Looking for the Vita Nuova

Beyond the farthest sphere, the Primum Mobile itself, the sigh passes which issues from my heart; it has a new intelligence which love in tears has given it, and this draws it upward. When it has come where it desires to be, it sees a lady so honored and so shining that this pilgrim spirit wonders at her splendor (Vita Nuova XLI).

Dear Maria,

I confess that one of the pleasantest surprises that I received on returning home was the news that you were entering the great Dominican Order. I used from time to time to think that perhaps you had a vocation. I am glad that you figured it out by yourself—yourself, of course, with the help of the Holy Spirit.

It is the day I entered the convent, and among the little treasures I have received—holy cards with notes of welcome, a homemade apron, pink camellias in a bud vase—is a typewritten note from Sister Nicholas. Of the college sisters who’ve welcomed me today, none matters more than Sister Nicholas.

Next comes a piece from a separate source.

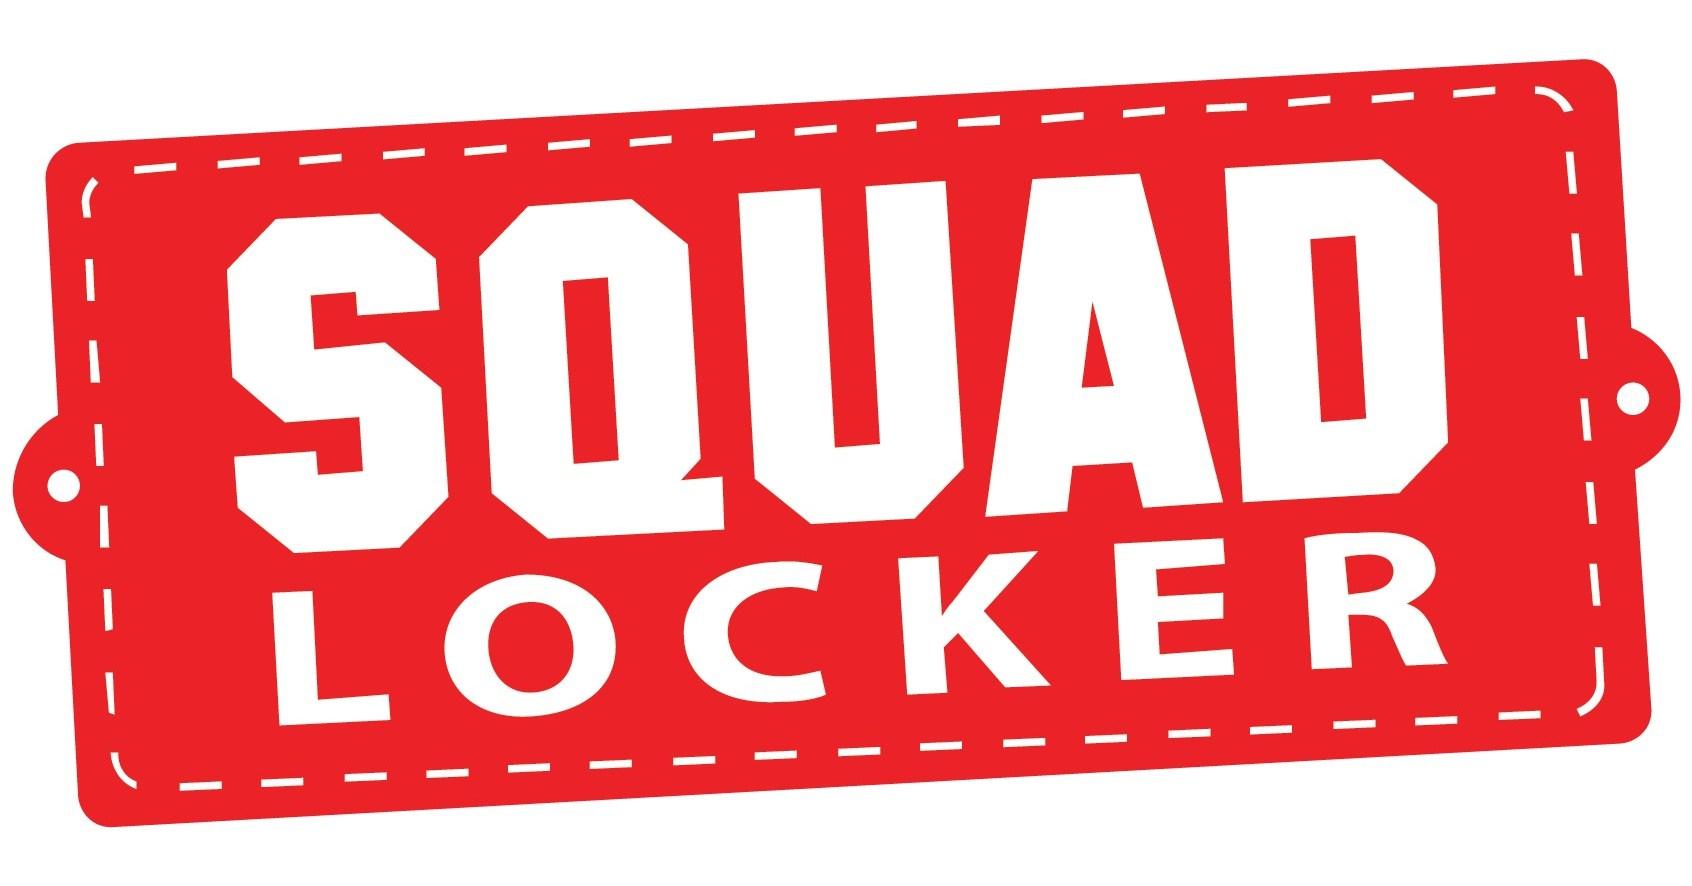 SquadLocker Logo jpg?p=facebook.
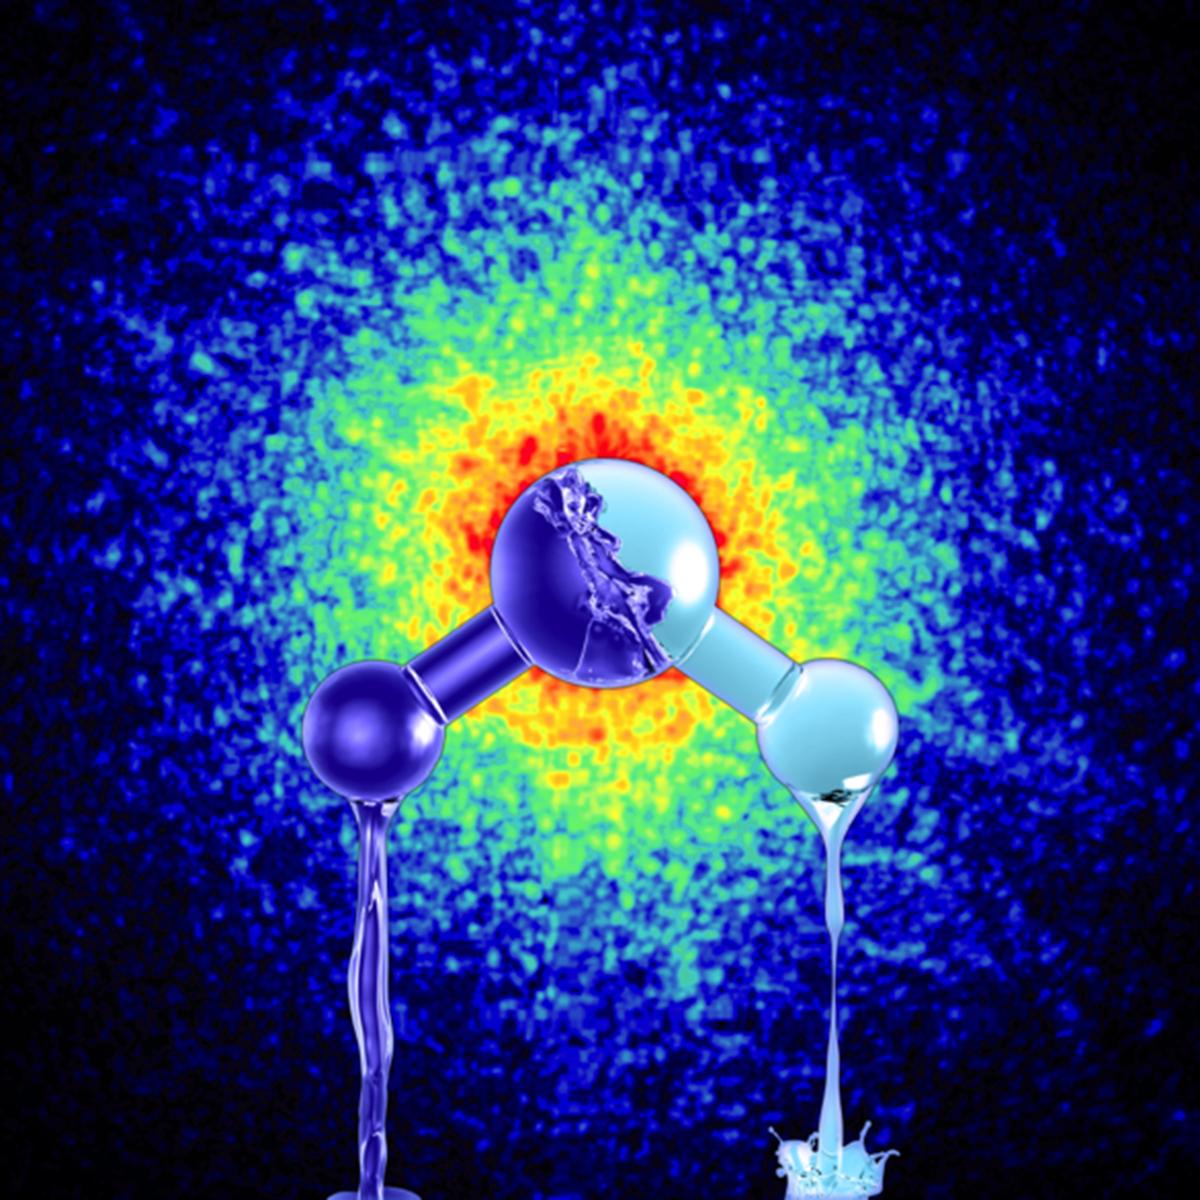 Reproducción artística de las dos formas ultraviscosas del agua líquida con diferentes densidades. Credit: Mattias Karlén

She was a medievalist and the English Department chair at my college in San Rafael, California. She wore with grace the old habit, itself a survival of women’s dress in the Middle Ages. The wimple and veil flattered the symmetry of her face, the steady wisdom of her brown eyes. A woman in her sixties, she moved with nimble quickness—black oxfords just skimming the ground. And if you rose early enough, you might glimpse her racing across campus on her white Peugeot ten-speed, pedaling fast, as the motherhouse bells chimed for Morning Prayer. I was a freshman when her colleague, John Savant, showed me his poem, “Sister Nicholas Wheeling:”

The air goes by laughing
And dragging behind it a veil
And a quick benediction of sleeve.

I do not remember
Rejoicing so much in a passing
Moment. Once, in rainlight,

By a mottled barn,
I smiled to see a swallow
Flicking out of light. But now,

Somehow, this vision,
This unworldly blur of grace
Above the humming earth

Relieves the gravity
We live with. Where the light
Recovers, nothing is left

For heavy speech. Even
The road seems pleased,
And follows.

He nailed it, the way she wasn’t your average mortal. Only now do I notice the Dantean tercets. I couldn’t wait to declare my English major and learn from Sister Nicholas.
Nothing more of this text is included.